Published in final edited form as: Bioelectrochemistry. 2021 Aug 4;142:107921. doi: 10.1016/j.bioelechem.2021.107921

Figure 7: Candida albicans cell wall thickening as observed in response to WED.

Figure 7:

(a) Representative images for ultrastructure analysis to assess C albicans cell wall thickness. C albicans cells (untreated or with respective treatments) were cultured in YPD broth. After 24h, cells were pelleted and processed for TEM. Scale bar represents 600 nm. (b) Graphical representation of C albicans cell wall thickness.

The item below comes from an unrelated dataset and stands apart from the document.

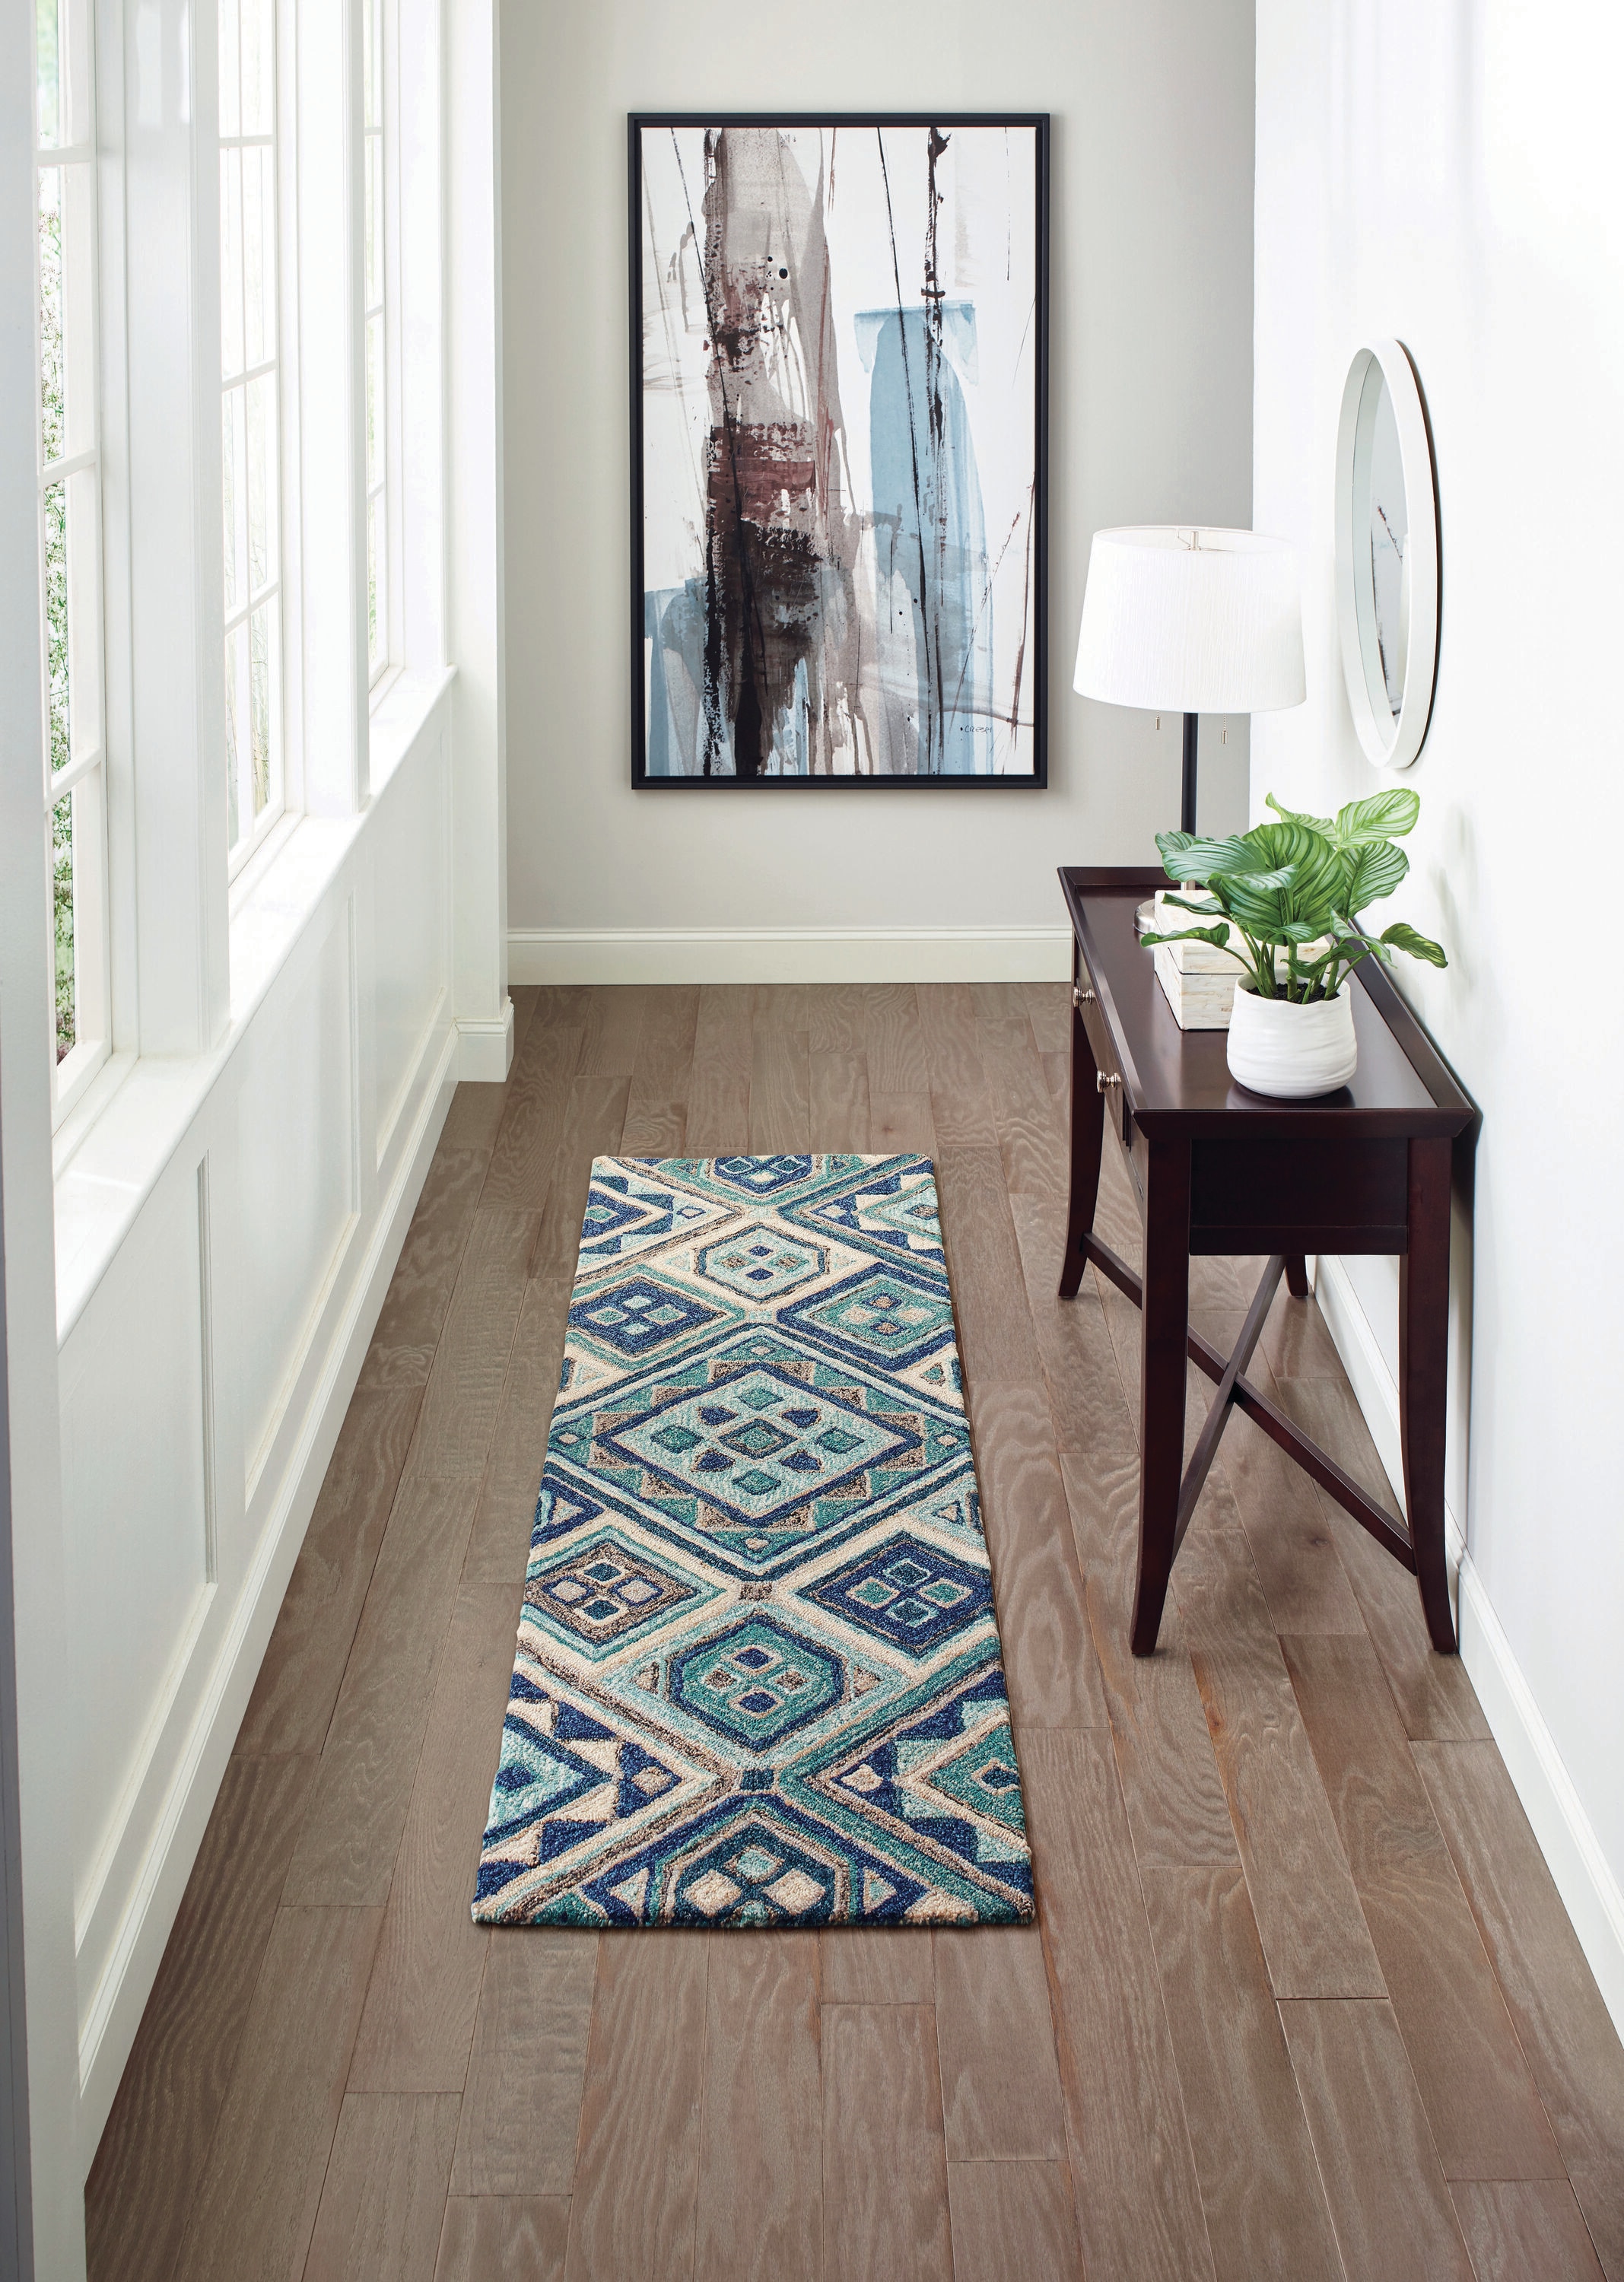 Teal Tiles 2 x 7 Teal Indoor/Outdoor Geometric Runner Rug in Blue | - allen + roth with STAINMASTER 26734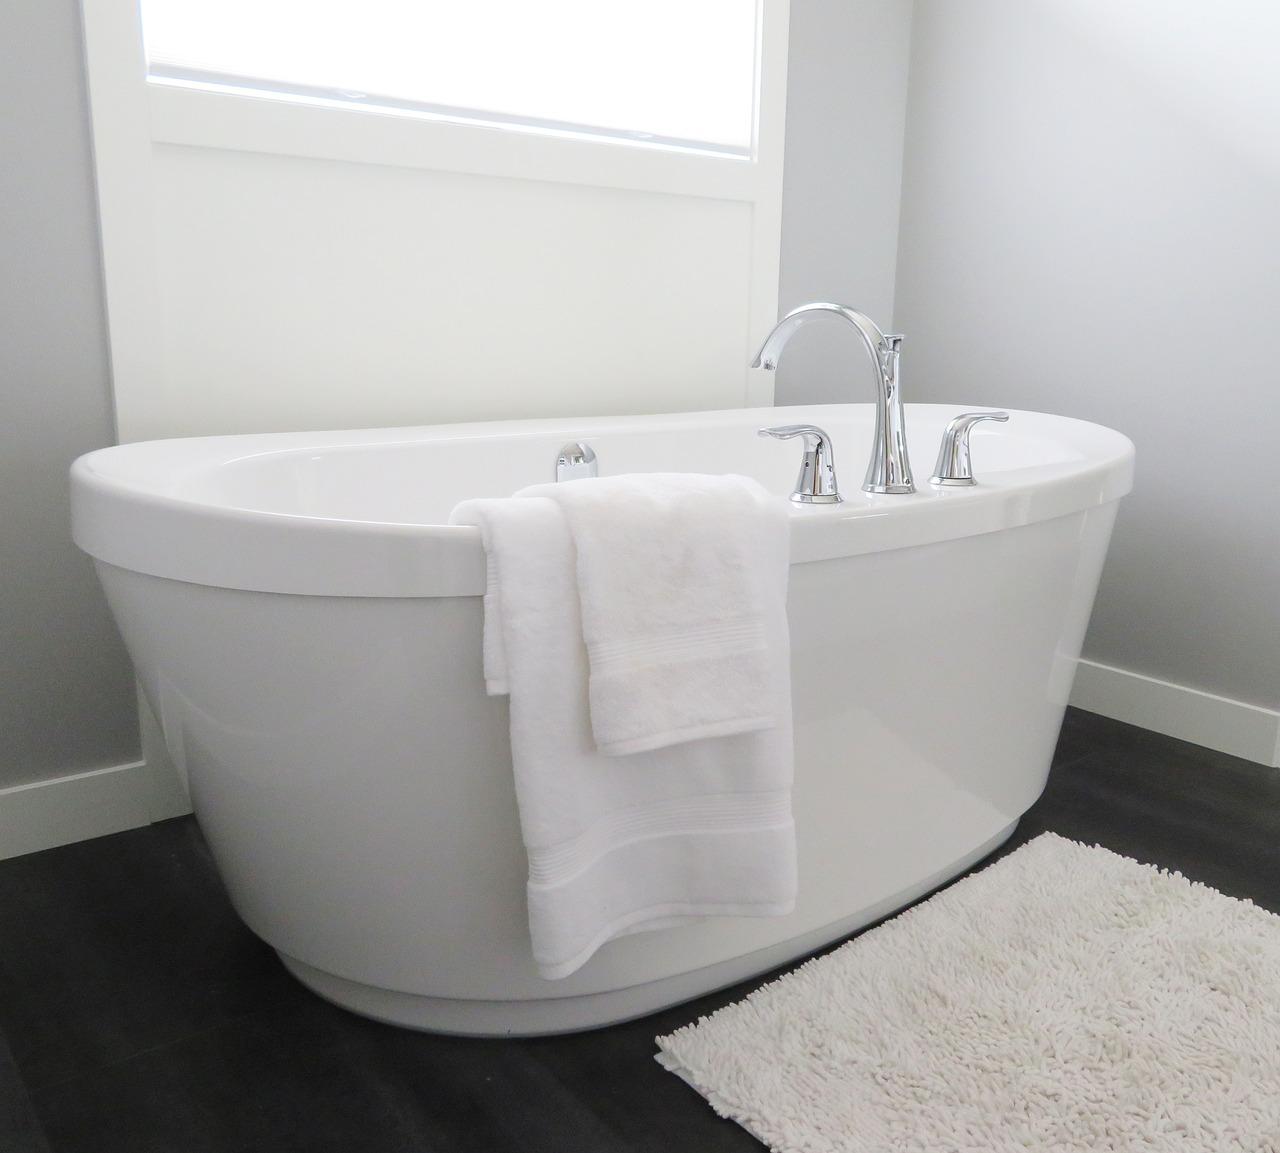  How Do I Know If My Tub Is Porcelain Or Enamel

Cell wall thickness was measured using ImageJ software. n = 20 cells. §P ≤ 0.0001 (One-way ANOVA followed by post-hoc Sidak multiple comparison test). (c) and (e) Representative images for qualitative assessment of cell wall β-glucan and mannan content, respectively. C albicans cells, after 24h of planktonic growth (untreated or with respective treatments) were stained with Aniline blue (for β-glucan) or Conacavalin A conjugated with Texas red (for mannan) and observed at 63X magnification. Scale bar represents 10 µm. Display settings for all images were kept same. (d) and (f) Semi-quantitative assessment of cell wall β-glucan and mannan content, respectively. Microscopic images captured for aforementioned samples were analyzed for fluorescence intensities using Zen Blue software. These values are graphically represented in terms of arbitrary units (a u). n = 31 images. §P ≤ 0.0001 (One-way ANOVA followed by post-hoc Sidak multiple comparison test). Data are represented as the mean ± SD.